# Elmer Sperry: Gyroscopic Compass, 1914

## Foucault's First Law

Based on what we know about "degrees of freedom," as well as precession, we are equipped with the information necessary to gain a basic understanding of Foucault's Laws. His first law states that any gyroscope possessing three degrees of freedom, that is, free to move in all three planes and unaffected by the force of gravity, must indicate the rotation of the earth. Foucault proved this law when he performed the experiment with the optical sighting device. As we know from our previous discussion, the gyroscope seemed to move out of alignment with the sighting device, though in actuality this "movement" resulted because the sighting device rotated with the earth while the gyro maintained its orientation in space.

## Foucault's Second Law

Foucault's second law considers a gyroscope possessing only two degrees of freedom, stating that any such gyroscope will, at any place on earth's surface, other than the two poles, tend to set itself with its axis of rotation in the plane of the axis of the earth itself by reason of the relative rotation of the two bodies. As the gyro rotates, it will tend to maintain its plane of rotation in space, while the earth's continued turning will cause it to rotate "out from under" the gyro. Eventually the force of gravity acting on the gyroscope will cause it to precess, and the plane of its rotation will become more nearly coincident with that of the earth, thus limiting the tendency of the earth to rotate "out from under" the gyroscope.

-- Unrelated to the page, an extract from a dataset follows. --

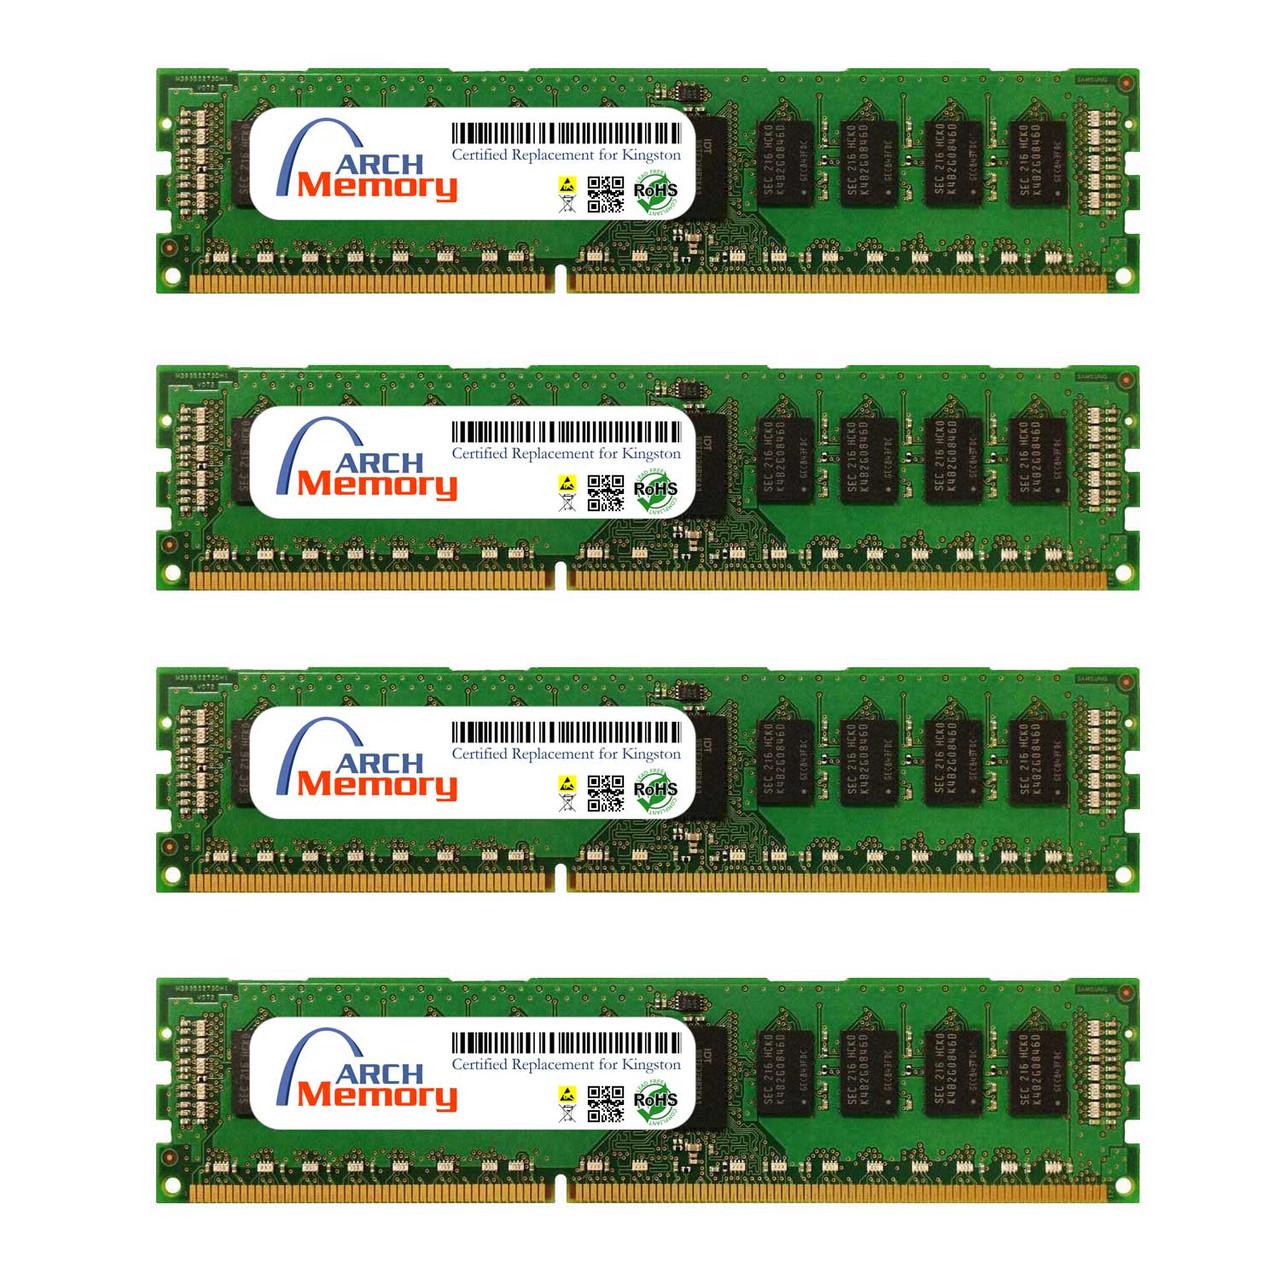 8GB D1G72K110K4 kit (4 x 8 GB) DDR3 1600MHz 240-Pin ECC UDIMM RAM | Kingston Replacement Memory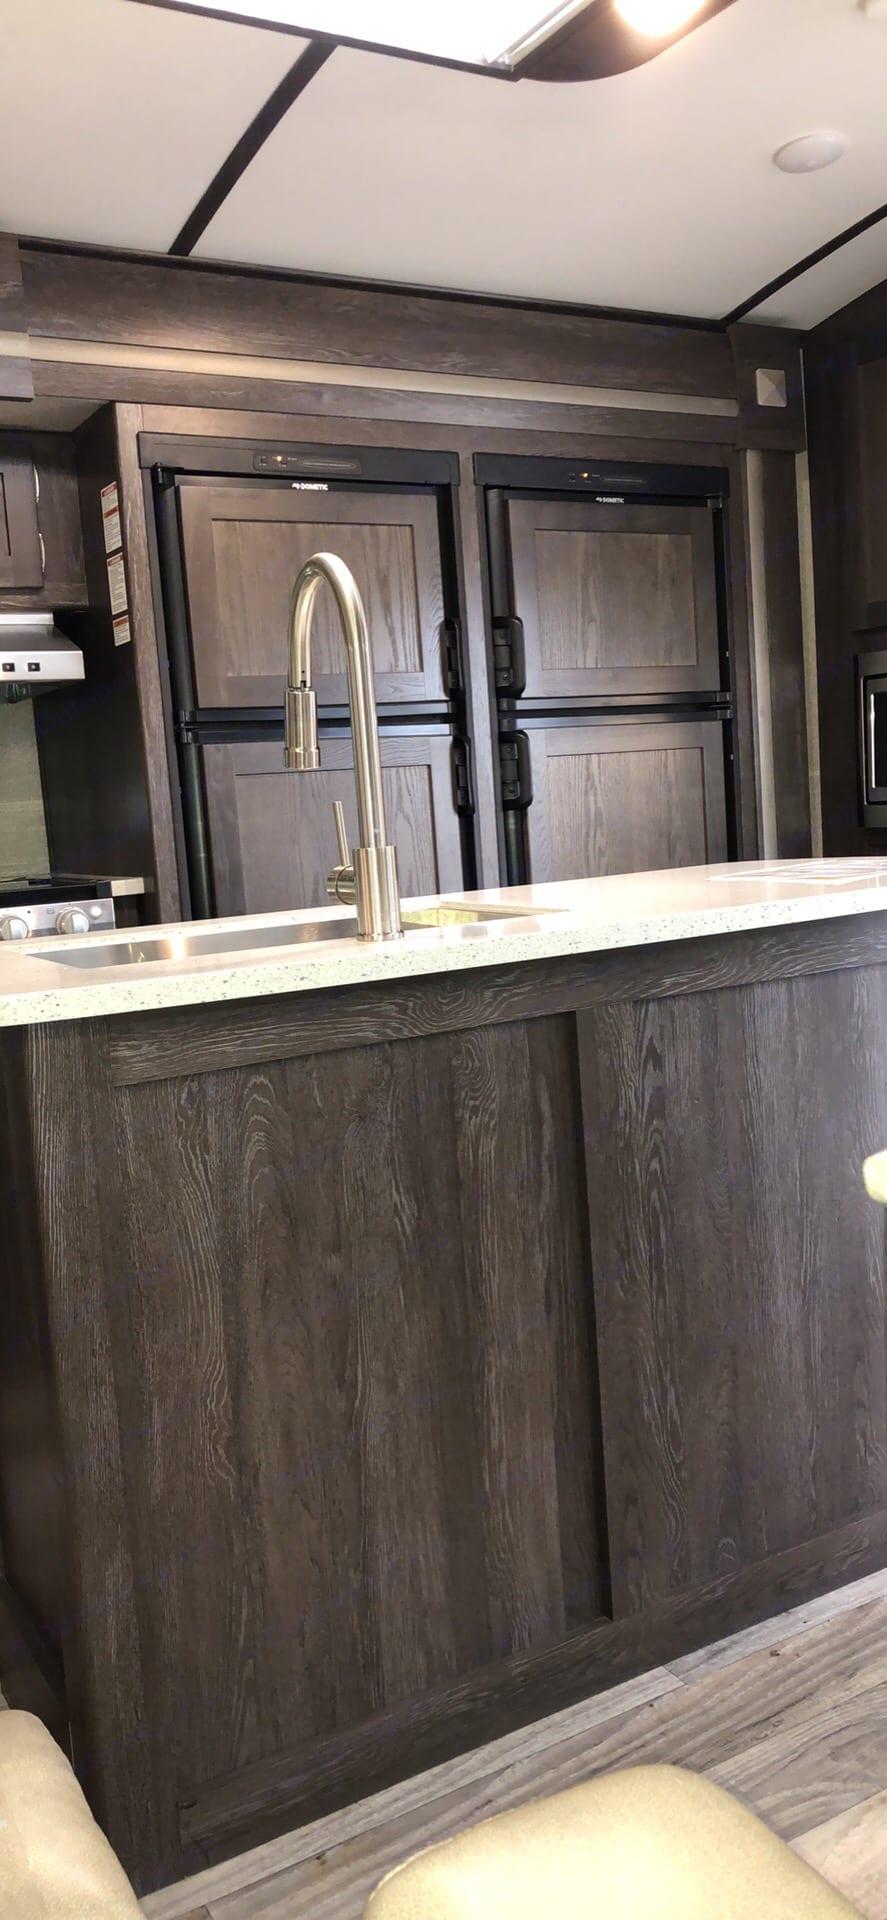 Camper has 2 refrigerators!. Keystone Outback 2019

These laws point to the use of the gyroscope as a compass. A gyroscope possessing three degrees of freedom could be used to fix lines in space with which bearings could be compared, or by which courses already known could be maintained. The gyroscope having two degrees of freedom would place itself in the plane of the earth's rotation, thus indicating the north and south mechanically by the position of its axis.